Die Vermischung von Armen und Reichen ist eine perfide Strategie, die wir aus den Tarifverhandlungen für Beamte kennen: Obwohl kaum noch Beamte im "einfachen" und immer weniger im "mittleren" Dienst arbeiten, werden diese immer als Beispiel für die stagnierenden Gehälter herangezogen.

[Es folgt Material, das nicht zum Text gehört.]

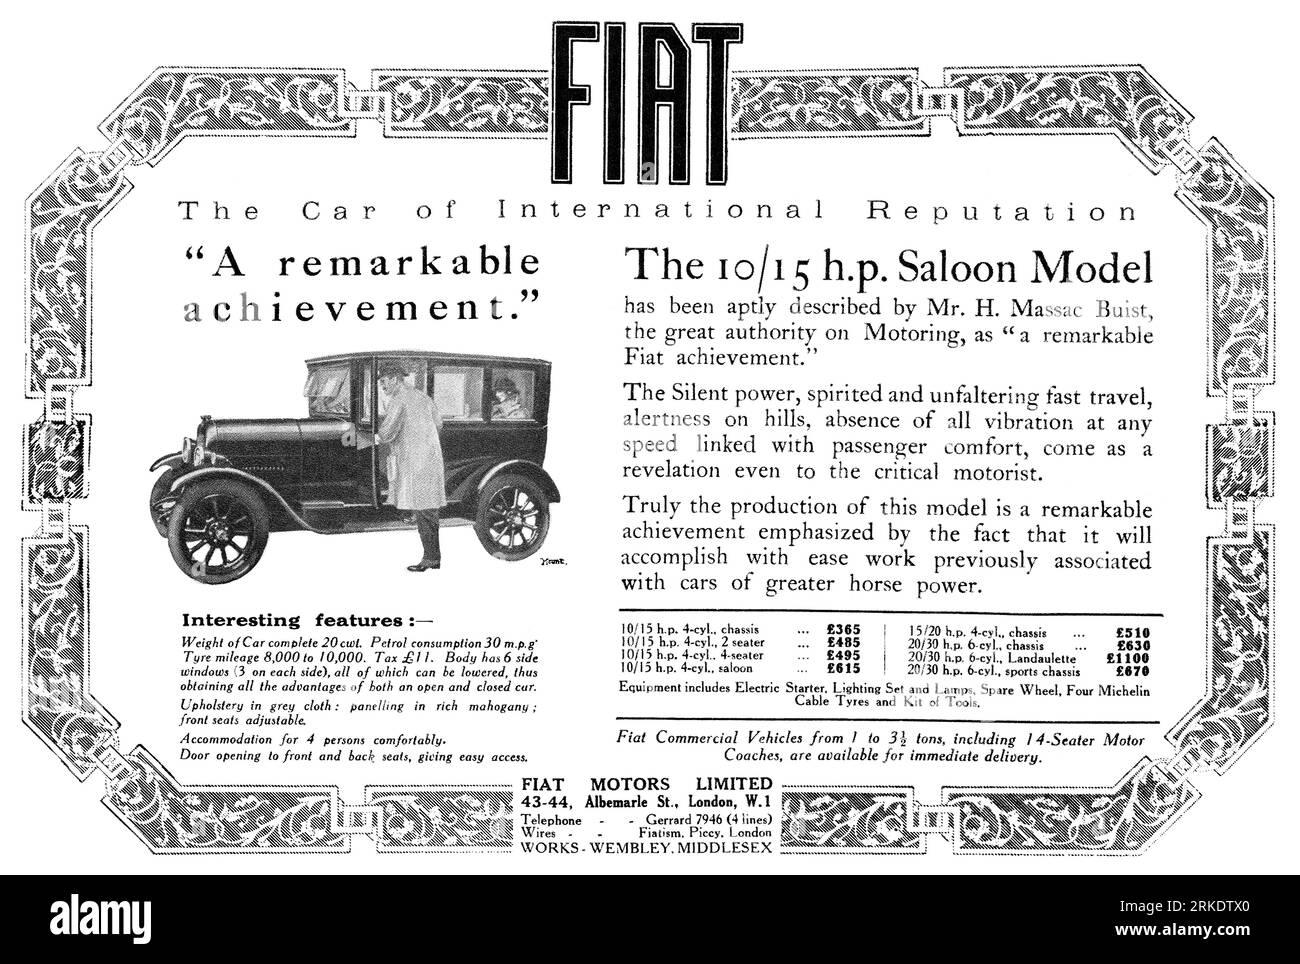 1923 pubblicità britannica per il modello di berlina Fiat 10/15h.p. a motore. Foto Stock

Der Claim "Gerechtigkeit" der Grünen, den sie in der Finanz-, der Bildungs- und Sozialpolitik in der Fahne führen, verdeckt, dass bei näherem Hinsehen nur bestimmte Gruppen Vorteile haben. Dass die Gruppe der gutverdienenden Akademiker und ihrer Erben in einem Land, das seit 60 Jahren Frieden und Wohlstand aufbaut und erhält, nicht kleiner, sondern größer wird, ist kein Rätsel. Auch die Armen werden wieder mehr. Und die Superreichen. Aber die Interessen der entspannten gehobenen Mittelschicht mit den Mitteln für politisch korrektes Shopping sind nicht immer als "gerecht" zu bezeichnen.

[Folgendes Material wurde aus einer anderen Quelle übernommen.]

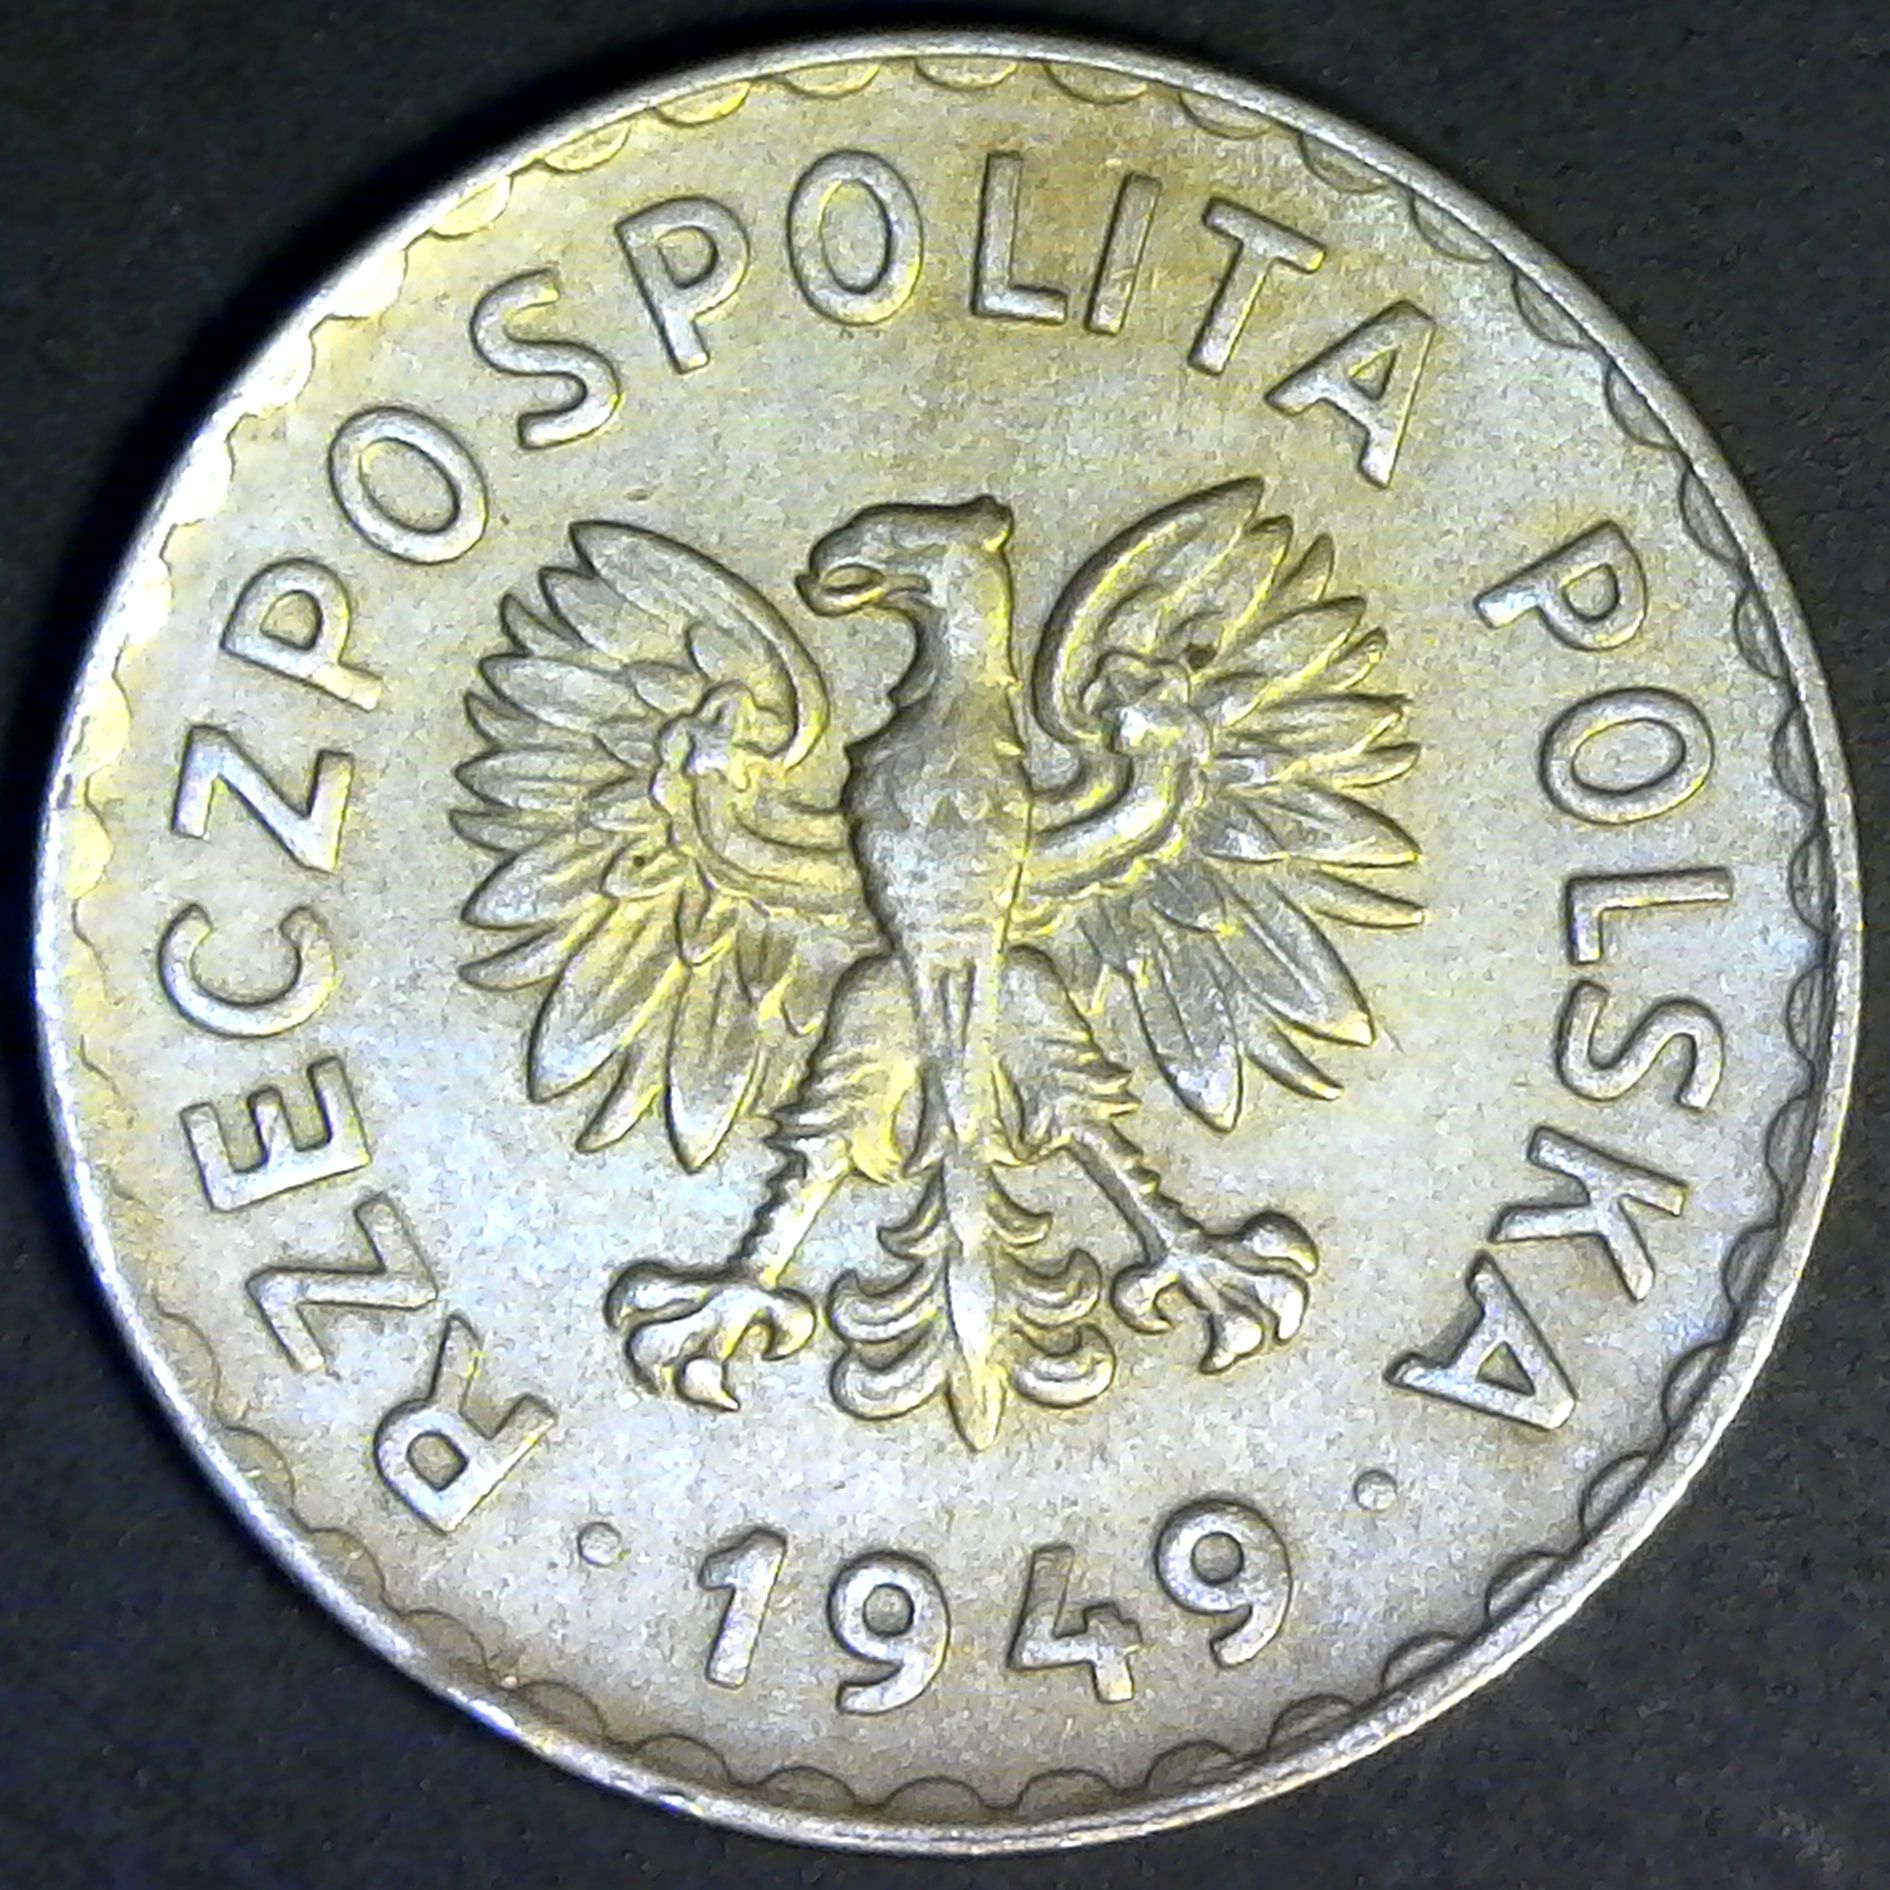 Poland 1 Zloty 1949 obv.jpg

Die FDP würde ohne die Leihstimmen von CDU und CSU-Wählern an der geschickten Klassenpolitik der Grünen zu Grunde gehen. Die grünen Erben möchten Begriffe wie "Leistung", "Freiheit" und "Steuersenkung" nicht hören. Sie vereinbaren sich nicht mit ihrer Selbstdefinition als Leser von Zeitschriften wie Brandeins und Enorm, in der die Angehörigen der besitzenden Klasse als Vorbilder in ökologischer Askese, als Innovatoren und Social Entrepreneurs vorgestellt werden.
Diplom-Ökonom Kamm ist noch vom alten Schlag der grünen Revolutionäre. Er hat einen Umweltskandal aufgedeckt und ist dabei ein hohes persönliches Risiko eingegangen. Er kämpfte sozusagen an der Umweltfront. Das tut er noch heute im Kampf gegen die atomaren Zwischenlager. Er ist mit der Bahn angereist und fährt auch mit der Bahn wieder ab. In drei Jahren wartet auf ihn eine Pension von rund 3000 Euro monatlich für die elf Jahre im bayerischen Landtag. 270 Euro pro Jahr. Üblich sind 270 Euro je zehn Jahre. Aber Neid ist in diesem Fall unangebracht: Als Entschädigung für das, was Theo Müller ihm angetan hat, ist eine würdige Altersversorgung durchaus vertretbar.